2. Stomach Environment:
   • Acidic Stomach: Breaks down protein-bound B12, making it available for absorption. Proton pump inhibitors can suppress this process.
   • Intrinsic Factor (IF): Produced by stomach parietal cells, IF binds to B12 in the duodenum, facilitating its absorption.
3. Pernicious Anemia Mechanism:
   • Autoimmune destruction of parietal cells (Anti-IF antibodies inhibit the formation or absorption of the B12/IF complex) leads to insufficient IF production, resulting in decreased B12 absorption.
   • up to 25% of pernicious anemia patients have Autoimmune Gastritis, characterized by antiparietal cell antibodies destroying parietal cells that produce IF and hydrochloric acid.
   • Higher incidence of co-occurring conditions like type 1 diabetes, autoimmune thyroid disease, and vitiligo.
   • All ages, particularly those over 60 years old.
   • Progression: Develops slowly over 2-5 years; symptoms may not manifest until anemia is profound.
4. Vitamin B12 Absorption Pathways:
   • Primary Pathway:
     • B12 from animal products binds to IF in the terminal ileum, dissociates in erythrocytes, enters portal circulation, and binds to transcobalamin II.
   • Alternate Pathway:
     • Independent of IF and ileum, allows for absorption of up to 1% of a large oral dose, enabling oral B12 supplementation.

Vitamin B12 Storage

• Liver Storage: B12 is stored in the liver, with large stores potentially delaying deficiency presentation for more than five years.

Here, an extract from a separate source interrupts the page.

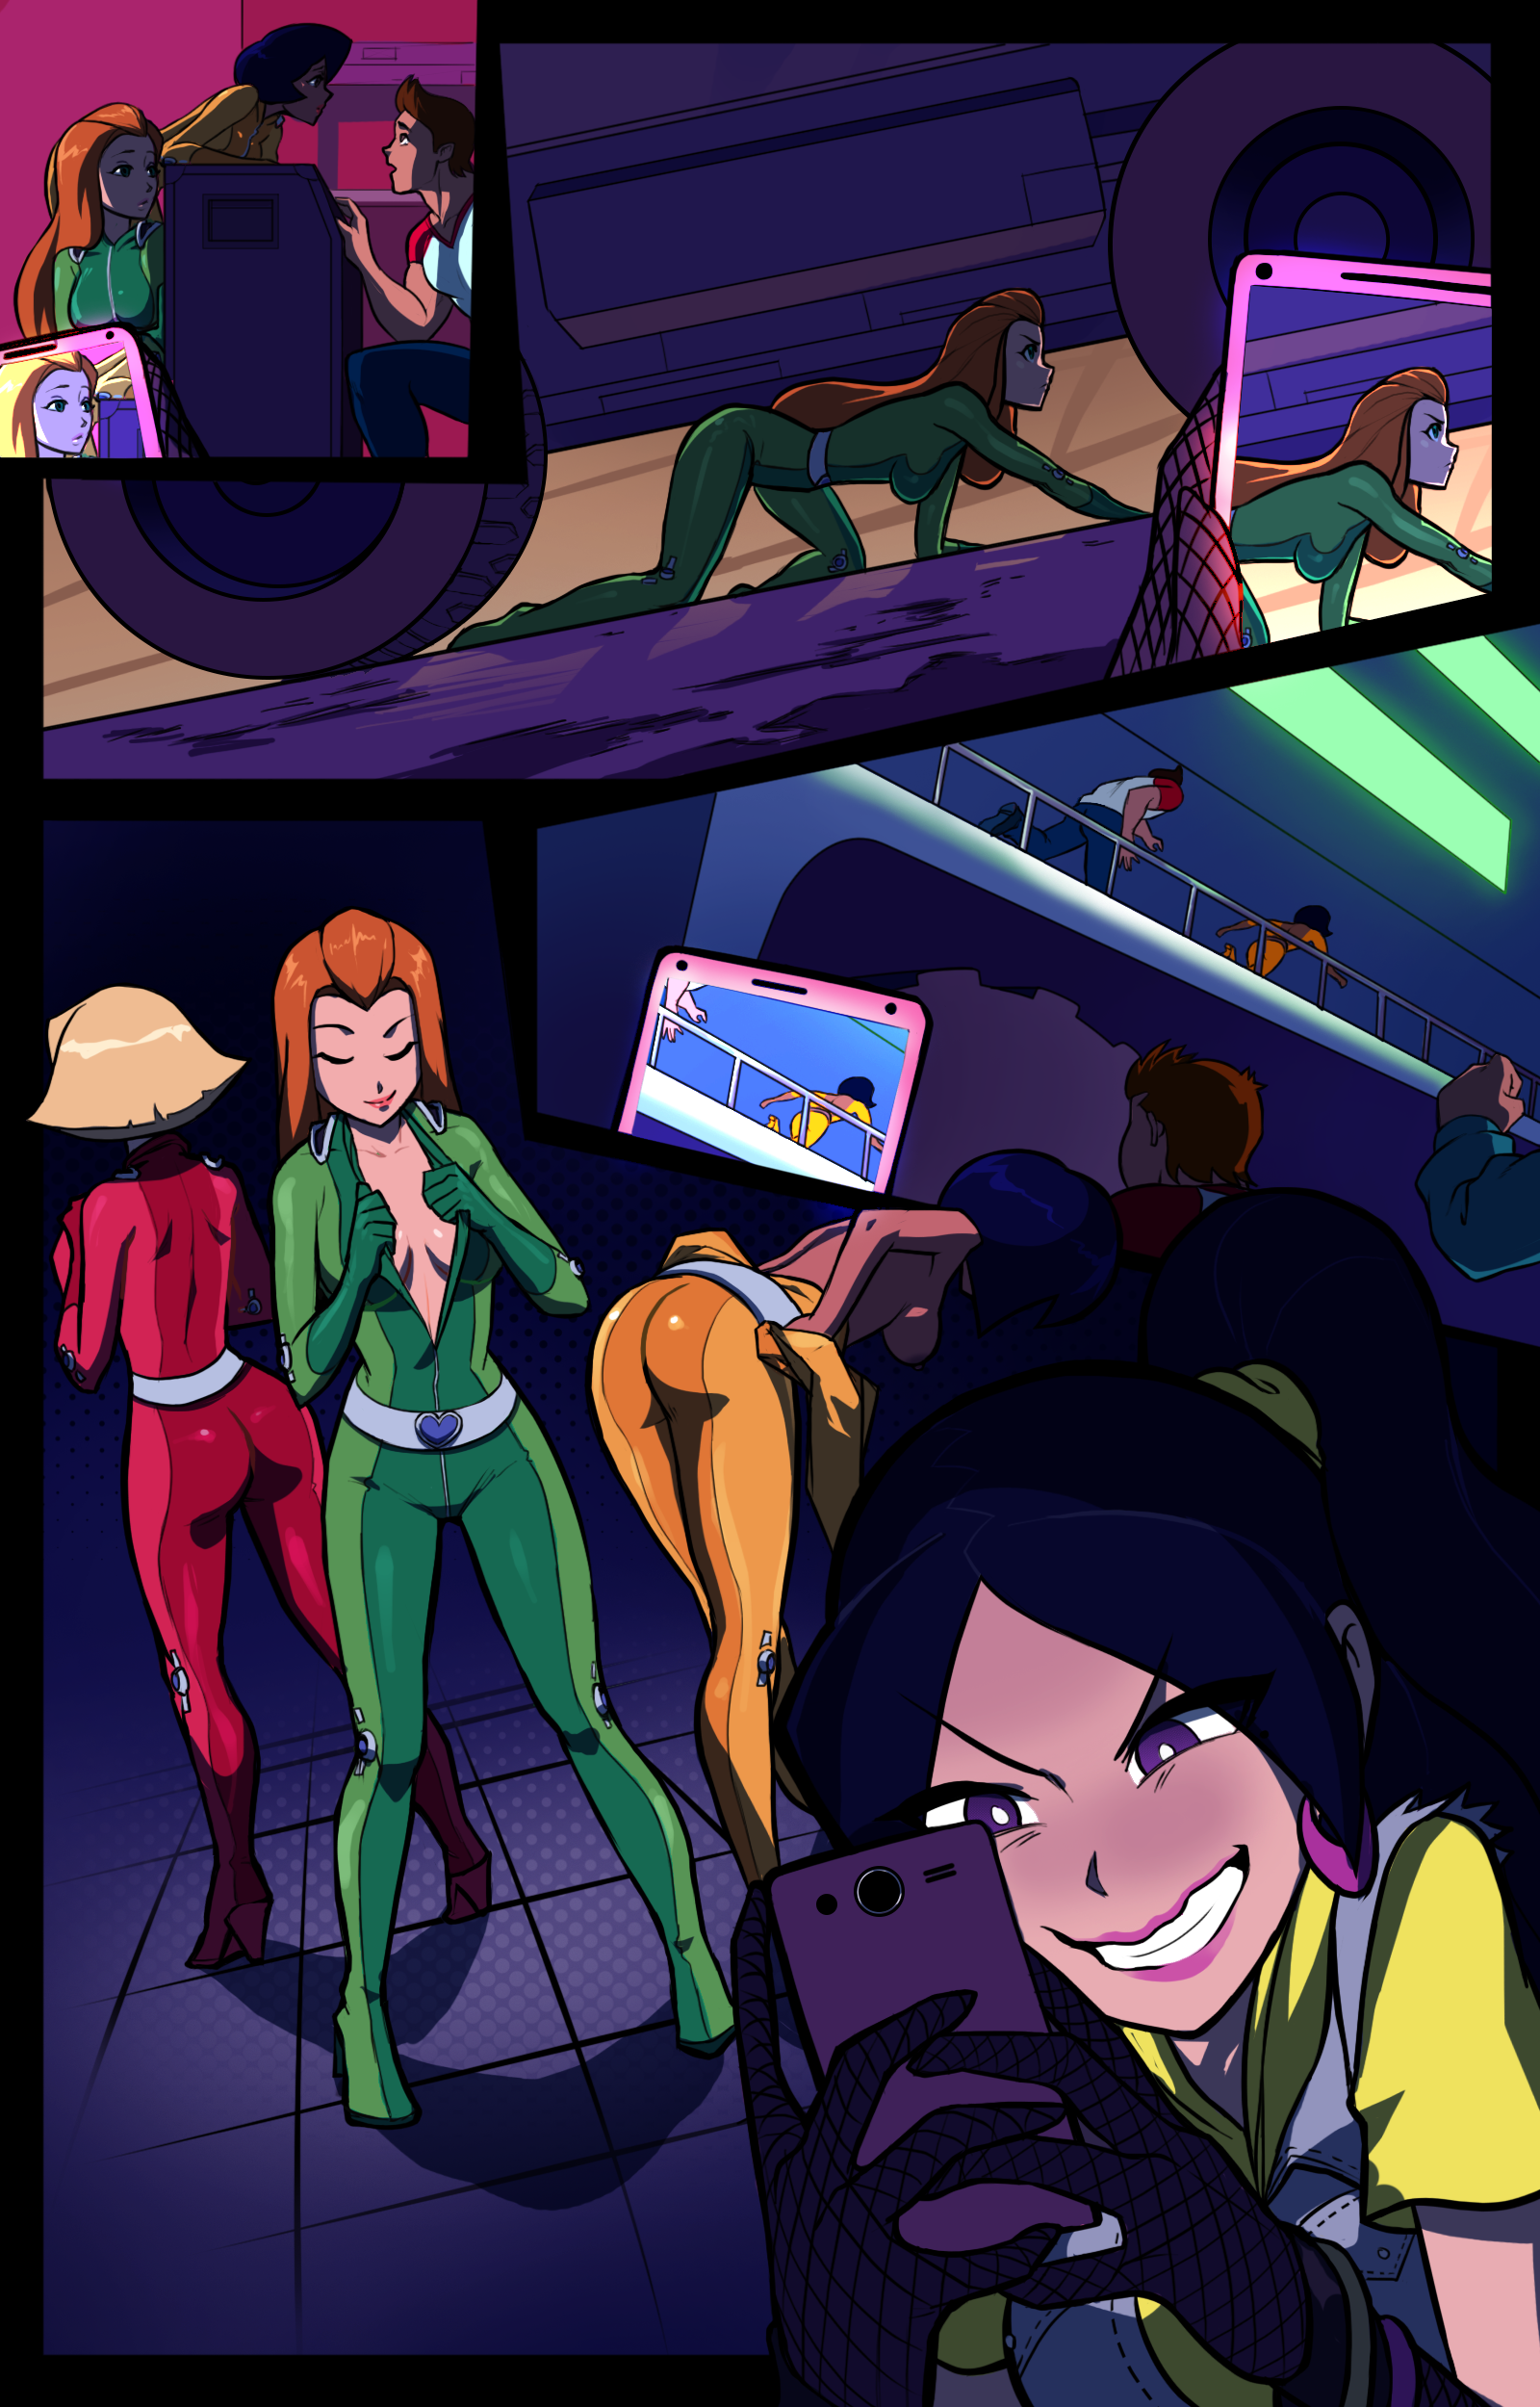 Totally Spies Hentai - Totally blackmail - Totally Spies - KingComiX.com

Clinical Manifestations of Vitamin B12 Deficiency

1. Hematologic:
   • Megaloblastic Anemia: Characterized by large, immature red blood cells.
   • Pancytopenia: Reduction in all blood cell types.
   • Pernicious Anemia: Specific form of megaloblastic anemia due to B12 deficiency.
2. Neurologic:
   • Paresthesias: Unexplained burning or itching sensations.
   • Peripheral Neuropathy: Damage to peripheral nerves.
   • Posterior Spinal Column Neuropathy: Bilateral loss of proprioception and vibration sense, ataxia, hyporeflexia, spasticity, paraplegia, and incontinence.
3. Psychiatric:
   • Symptoms: Irritability, personality changes, mild memory impairment, dementia, depression, psychosis, and potential links to Alzheimer’s disease.
4. Cardiovascular:
   • Increased Risk: Potential for increased myocardial infarction and stroke risk.
5. Maternal Vitamin B12 Deficiency:
   • Consequences: Neural tube defects, developmental delays, failure to thrive, hypotonia, ataxia, and anemia in offspring.